Much to my surprise, getting DeepCrawler.NET up and working with basic functionality was surprisingly easy. It’s far from finished, and I haven’t exhaustively tested it, but it does work. In this post, I’ll describe the current implementation with respect to how I’ve addressed some of the barriers raised in my last post.
How do we decide which form contains a search form?
Some sites (in particular, FedBizOpps) contain multiple forms. As in this case, sites can contain login forms along side query forms, and we definitely don’t want our crawler to try to log in with our various keywords.

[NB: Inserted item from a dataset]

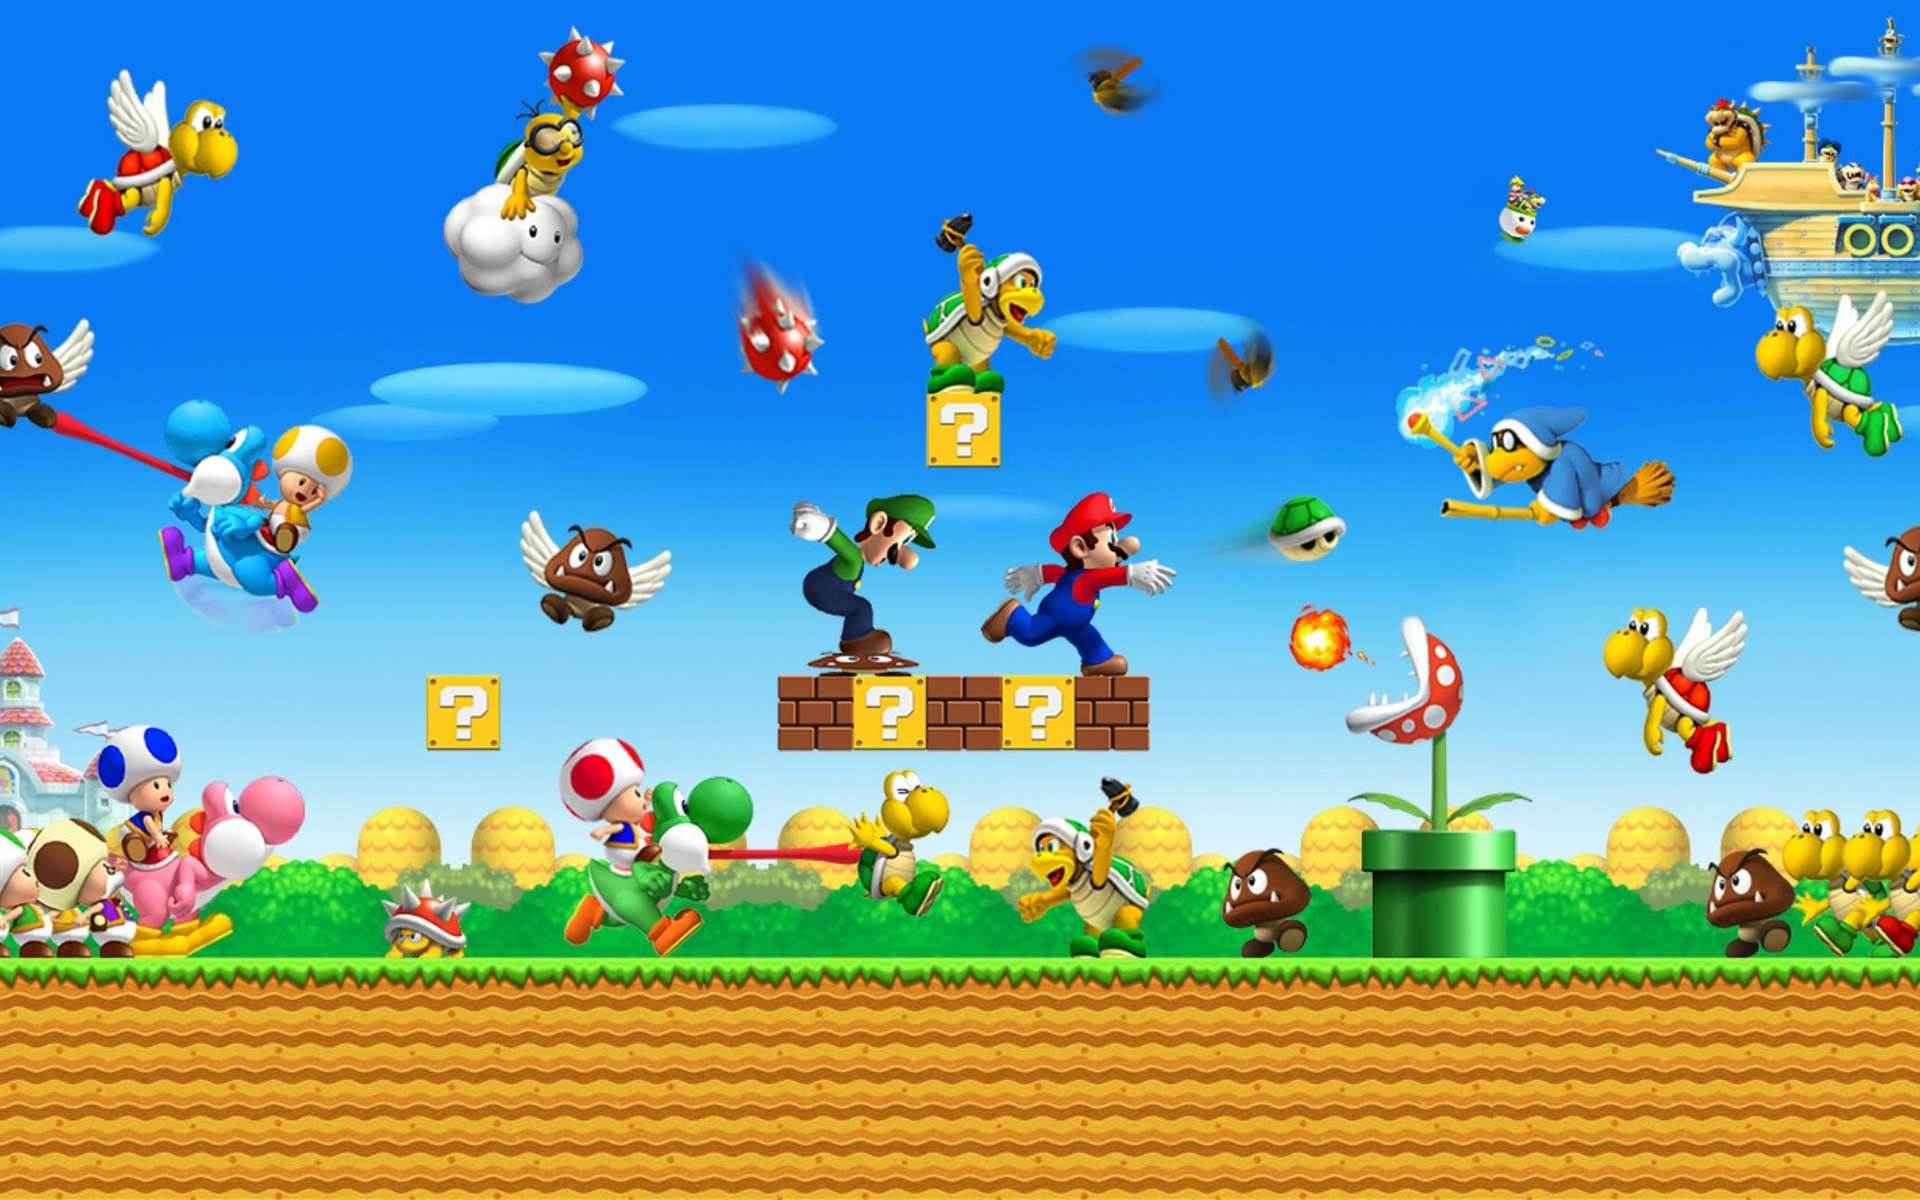 Nintendo Mario Wallpapers

To address this barrier, DeepCrawler.NET employs a heuristic search of the forms on the page. It calculates a probability for each form on the page by examining the form’s contents (text fields, labels, buttons, etc) as well as attributes on the form, such as the form’s name and ID. The properties of each of these controls are compared to a very short list of words (query, search, keywords) that correlate well with search forms. Right now, scores are basically binary: the heuristic either considers something a potential match or not a potential match. Future work will add some more intelligent scoring to the process.
Another issue not fully addressed yet are forms with useless ID, name, and value descriptors for fields within the form. Right now, DeepCrawler.NET can’t do anything, but that’s going to change (hopefully this weekend). I’ve prototyped a search mechanism that looks for text lables (not label elements, which are much more useful and already handled by DeepCrawler.NET) by "visually" searching a grid around a form element of interest. The search is primitive now, but early tests indicate that it will successfully locate text labels corresponding to form fields in some cases.
How do we determine where to place our query criteria?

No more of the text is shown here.